↓↓↓
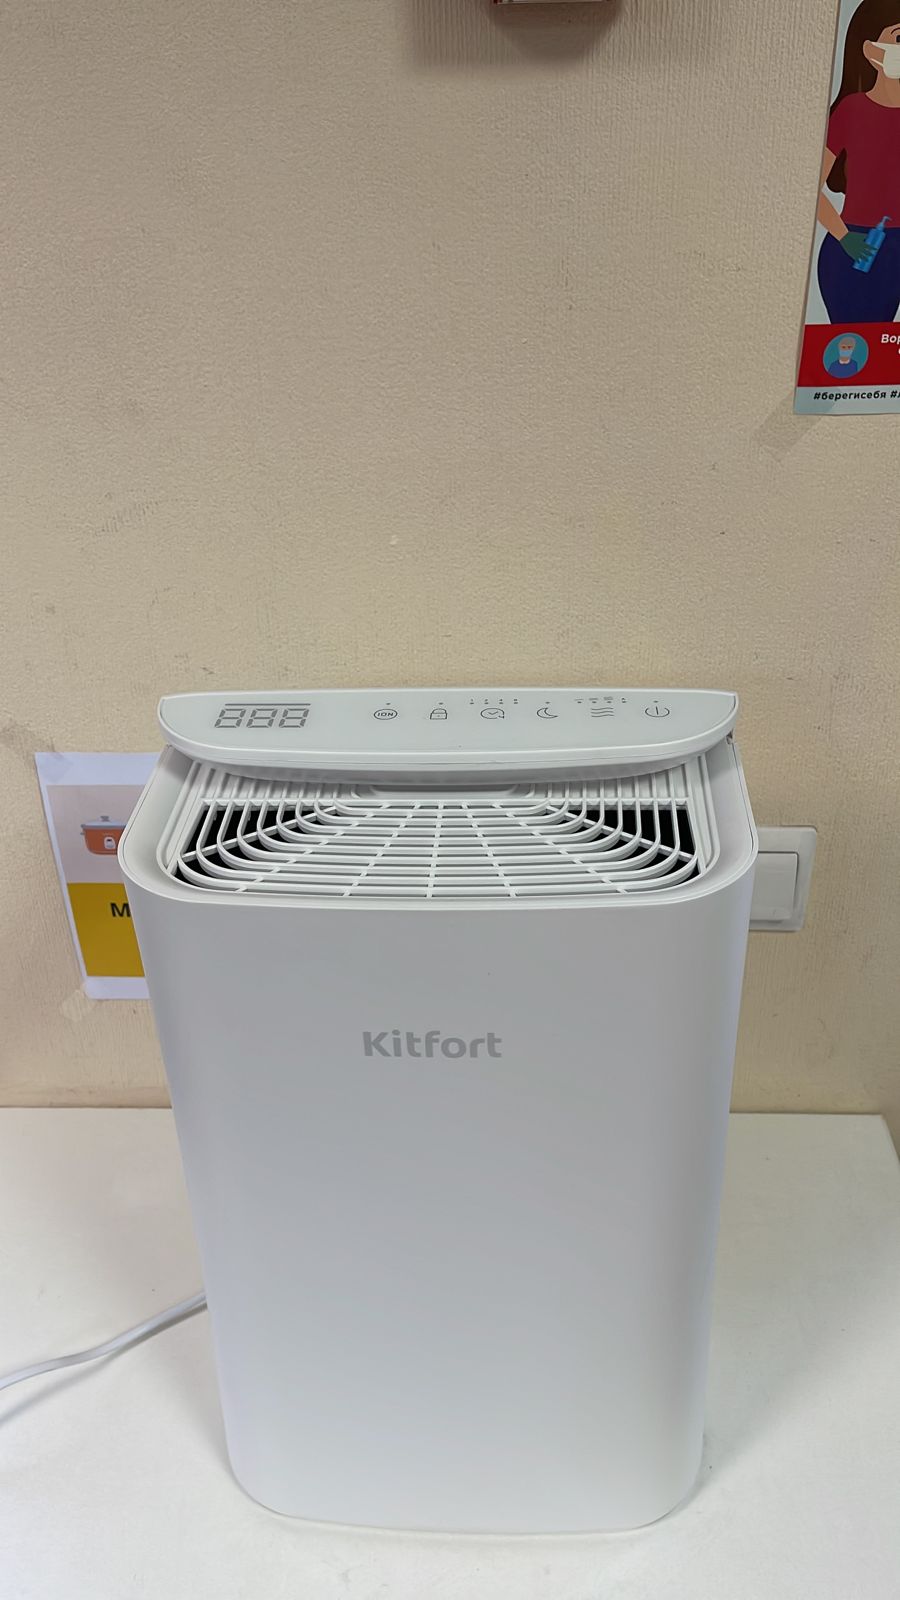   KitFort KT-2825
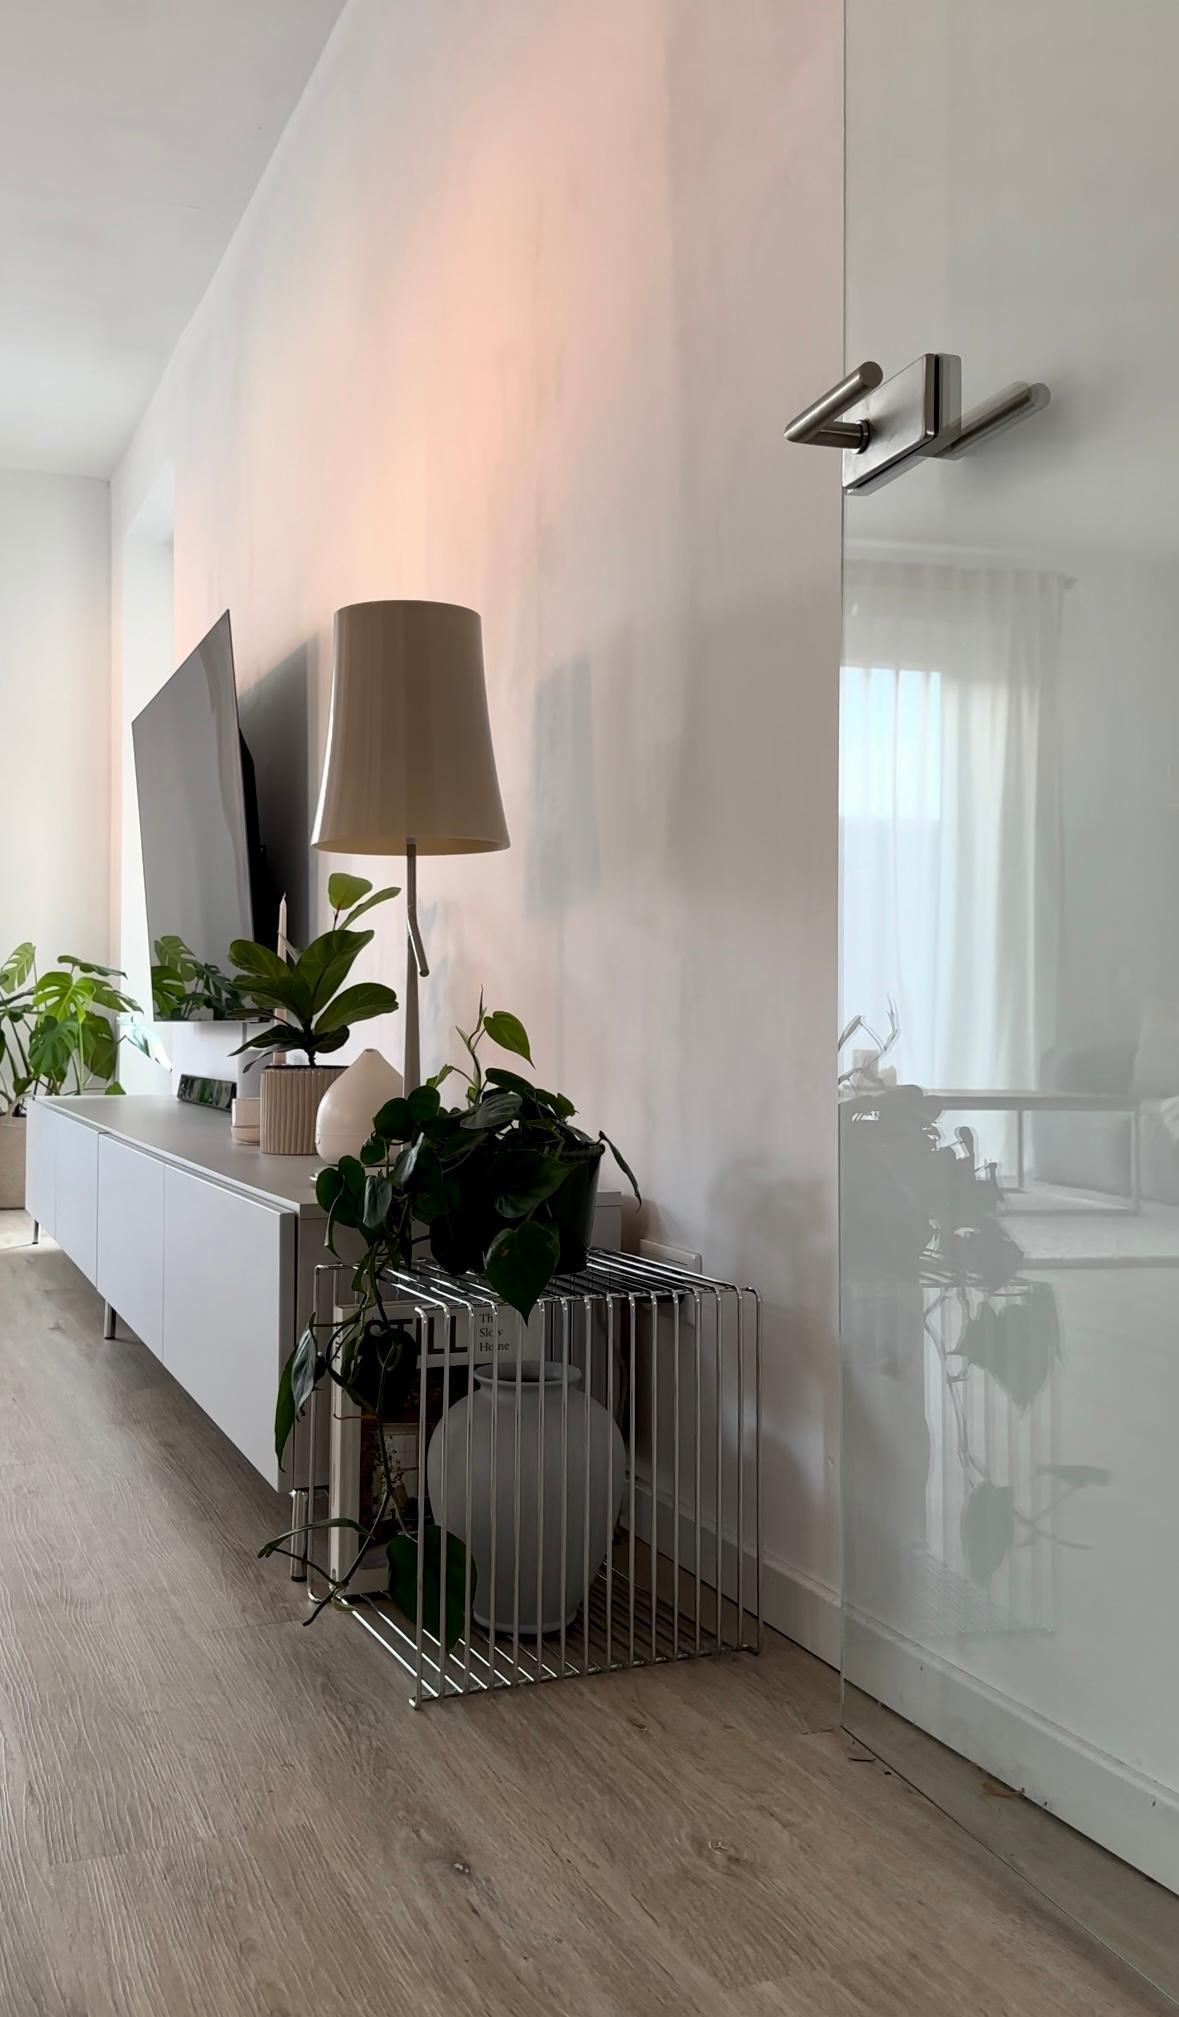 #wohnzimmer #sideboard #lowboard #stehlampe #dekoideen #tvboard #pflanzen #pflanzenliebe #couchliebt
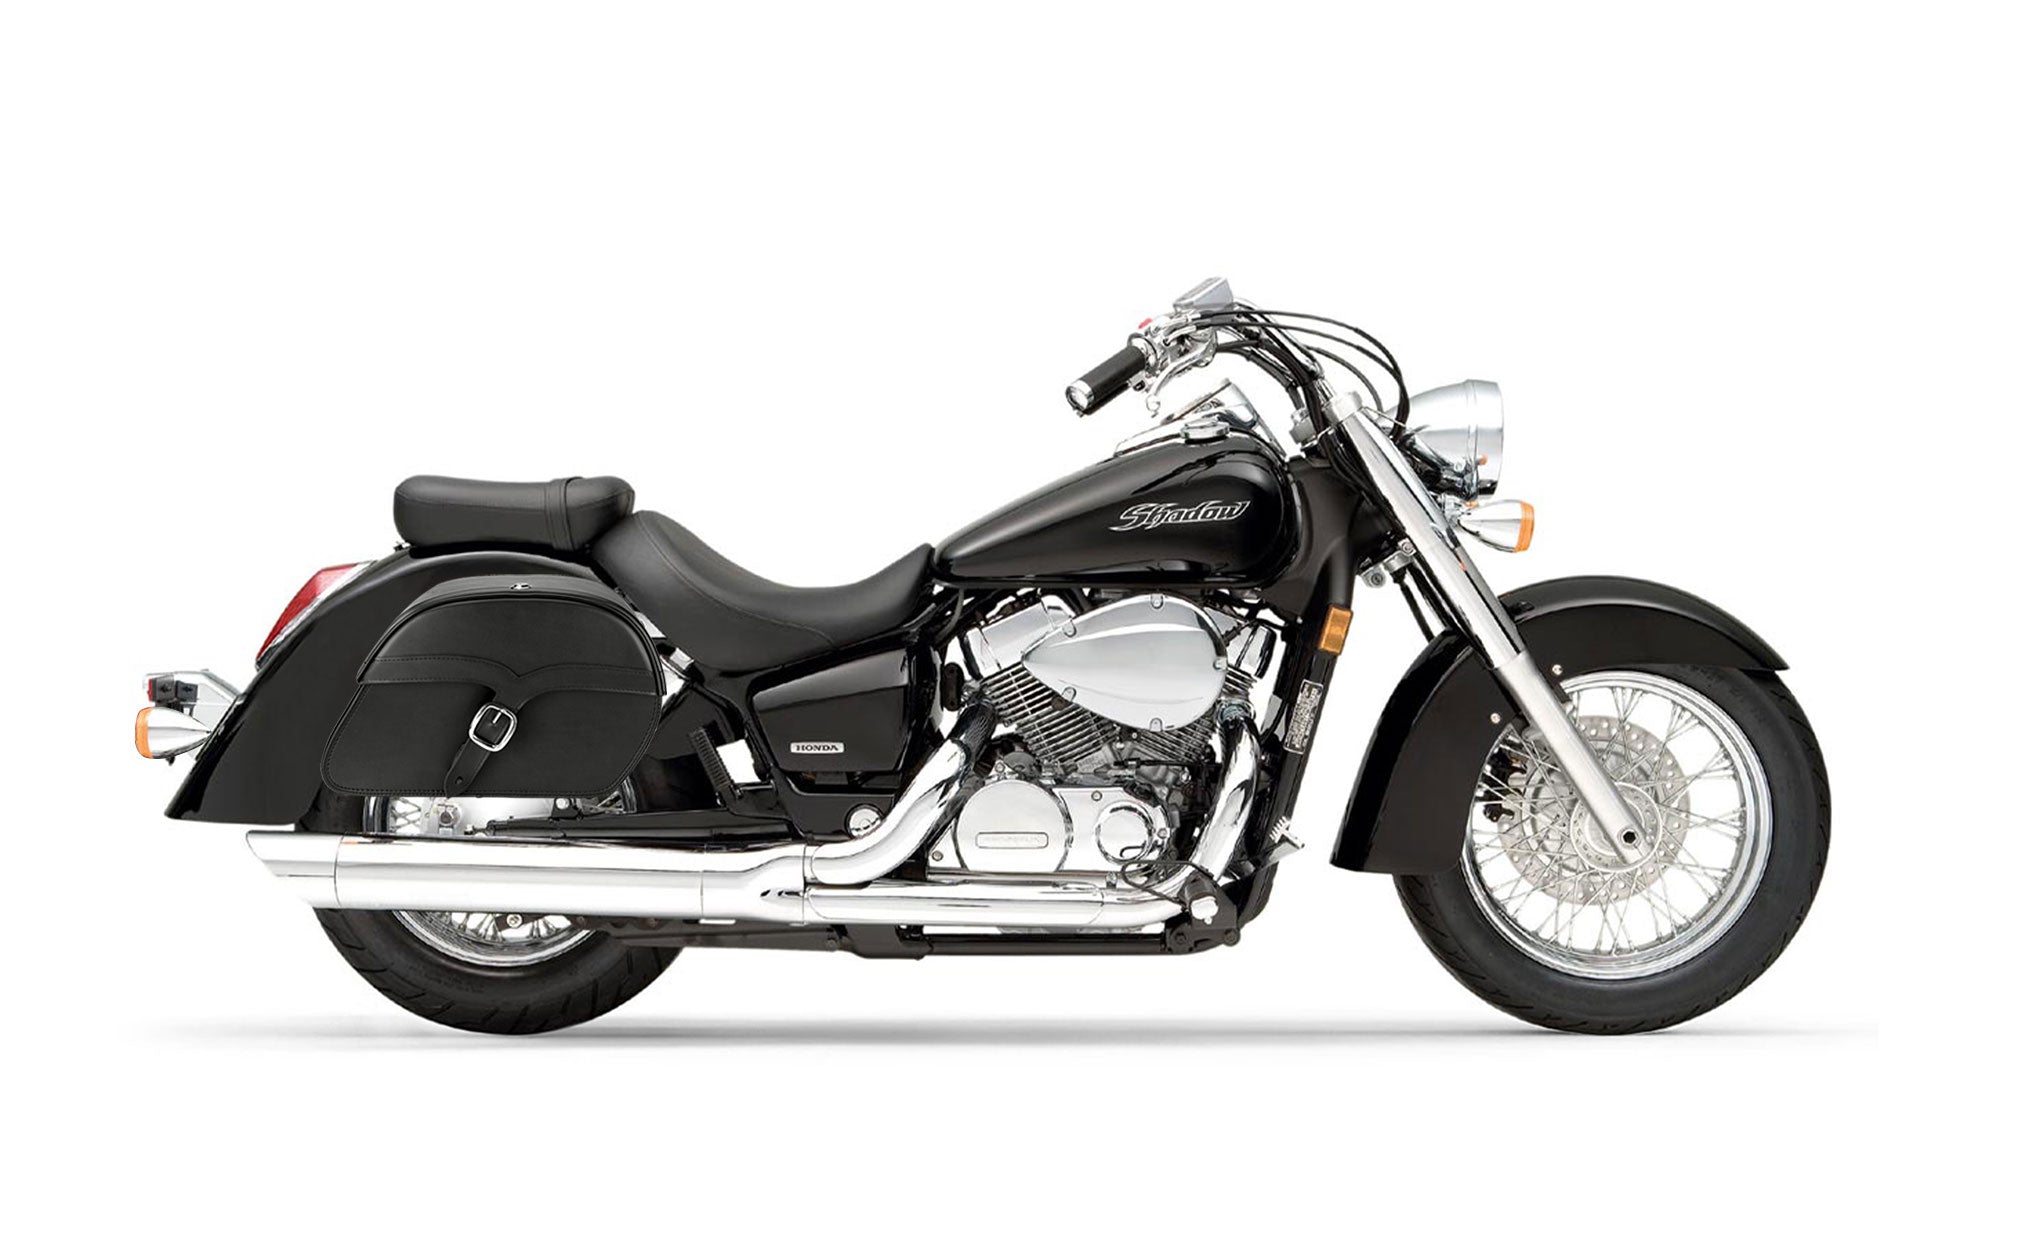 Viking Vintage Medium Honda Shadow 750 Aero Leather Motorcycle Saddlebags on Bike Photo @expand
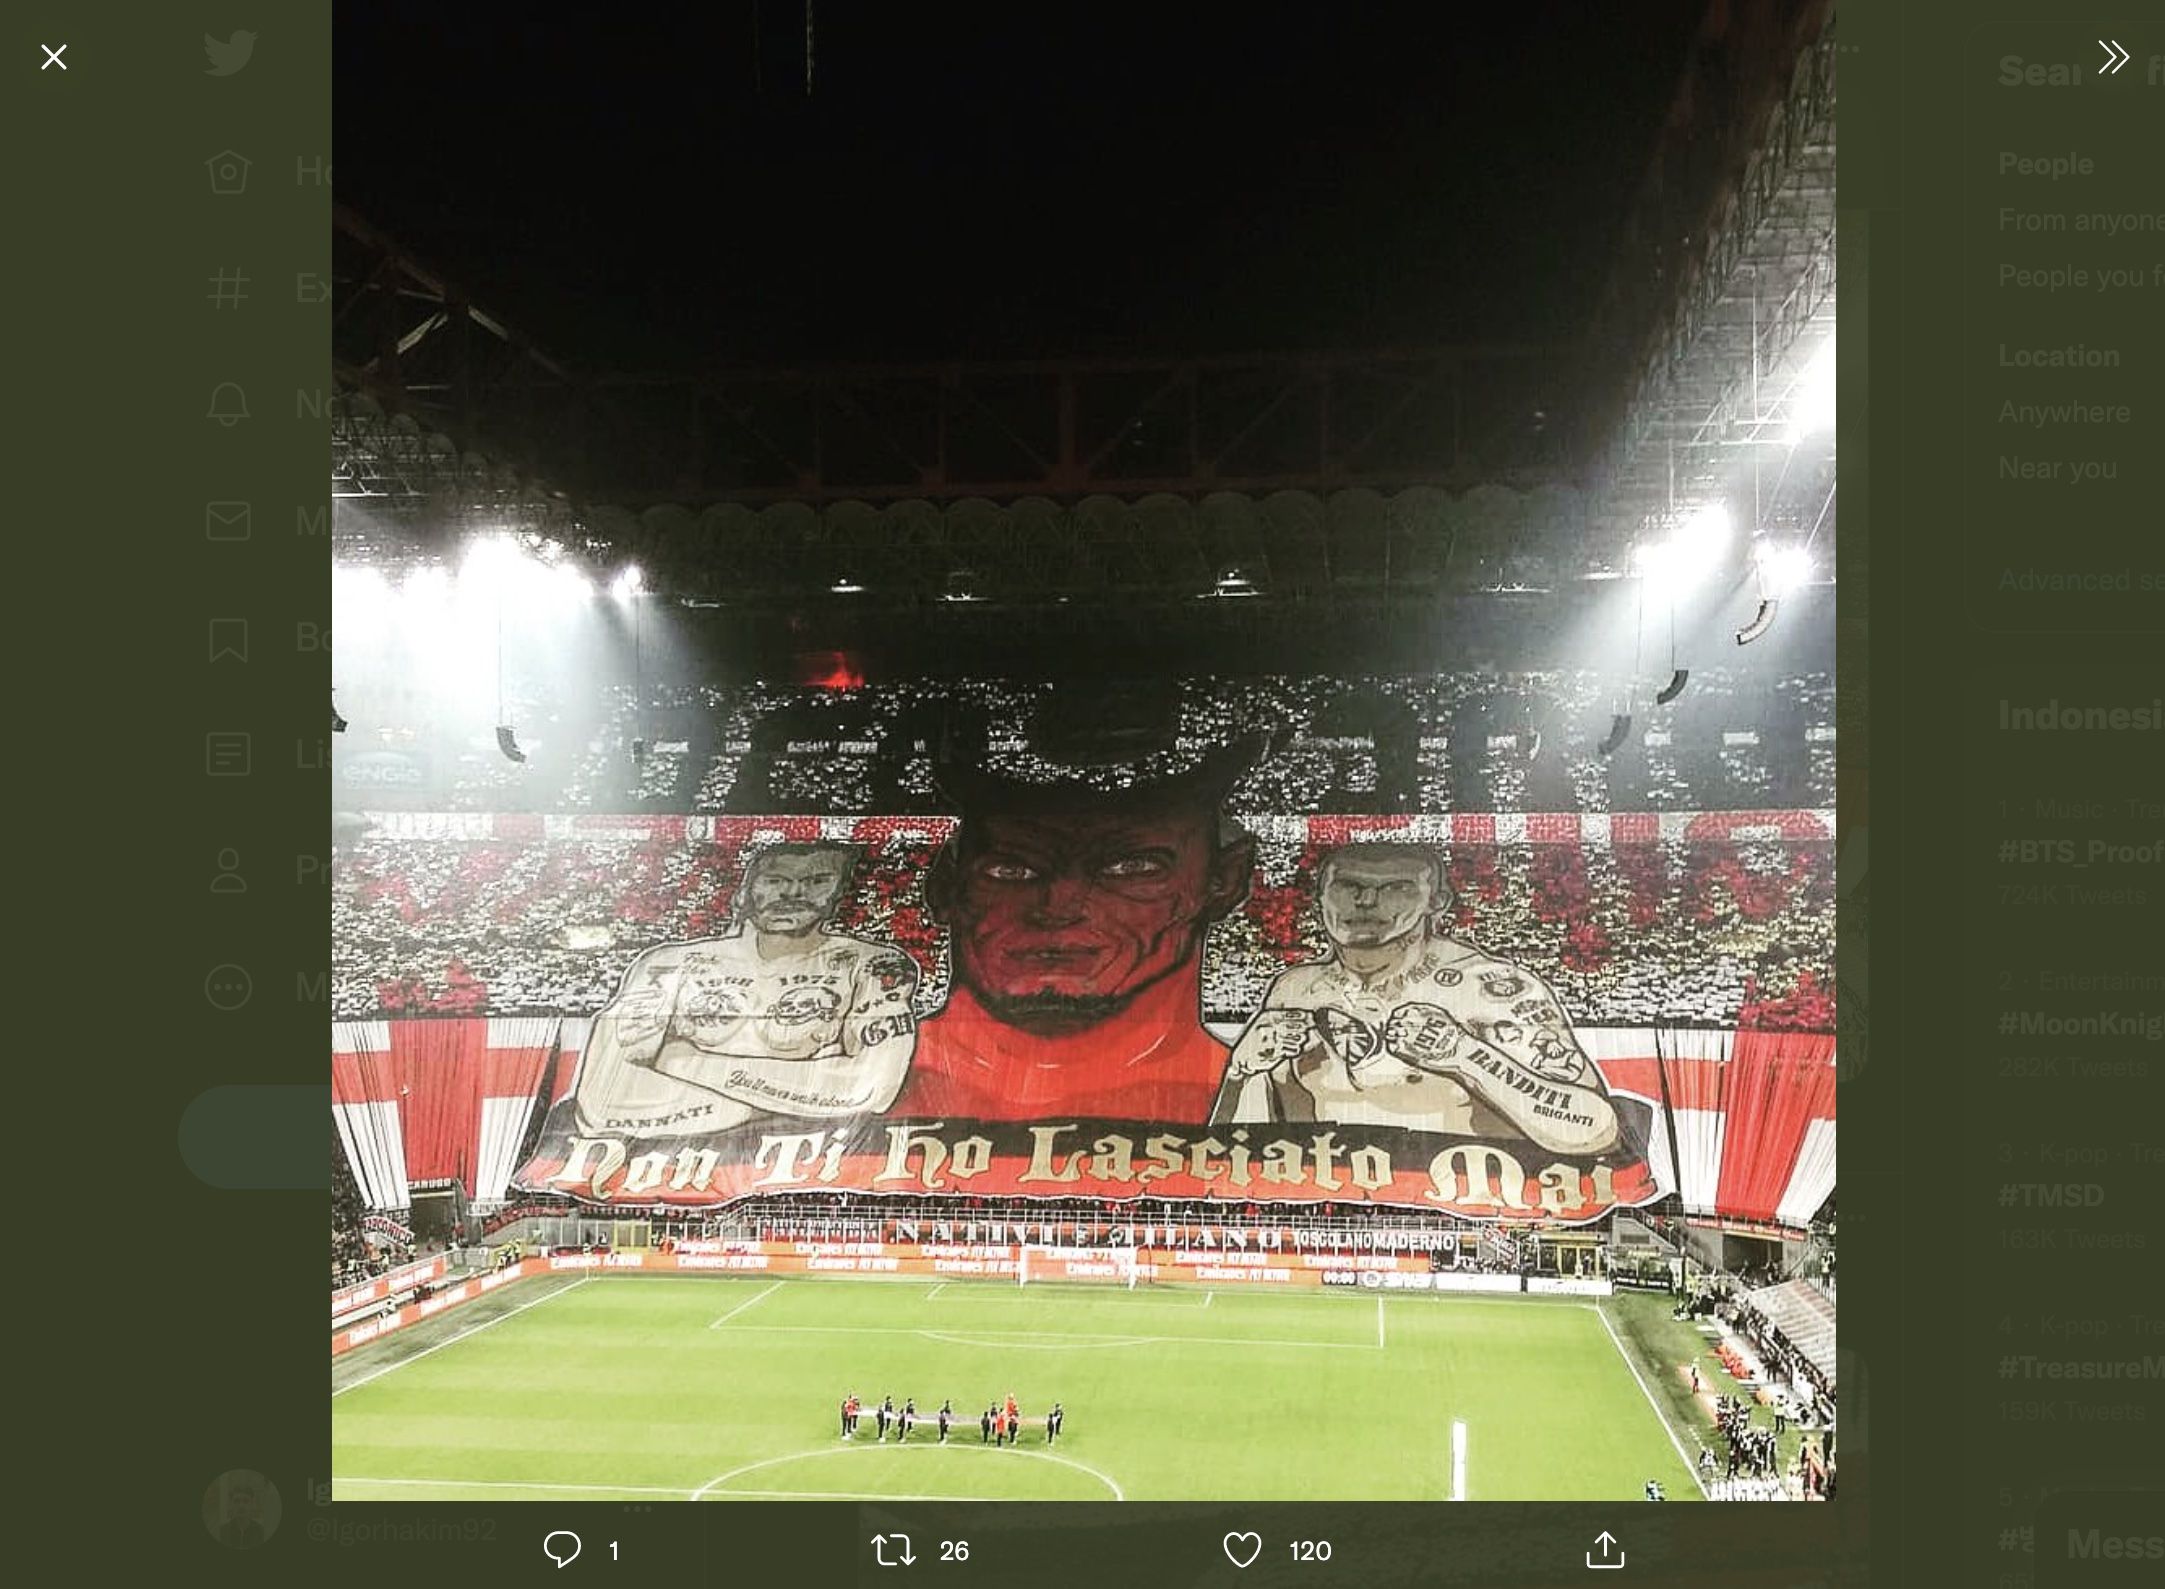 Gambar raksasa yang dipajang oleh ultras AC Milan saat pertandingan di San Siro.
↑↑↑
▸ **Your objective**
All lines from the line containing "Viking Vintage Medium" through the end of the listing above are to be given again exactly; pictures are not part of the copy.

▸ **Response box**
 Viking Vintage Medium Honda Shadow 750 Aero Leather Motorcycle Saddlebags on Bike Photo @expand
 Gambar raksasa yang dipajang oleh ultras AC Milan saat pertandingan di San Siro.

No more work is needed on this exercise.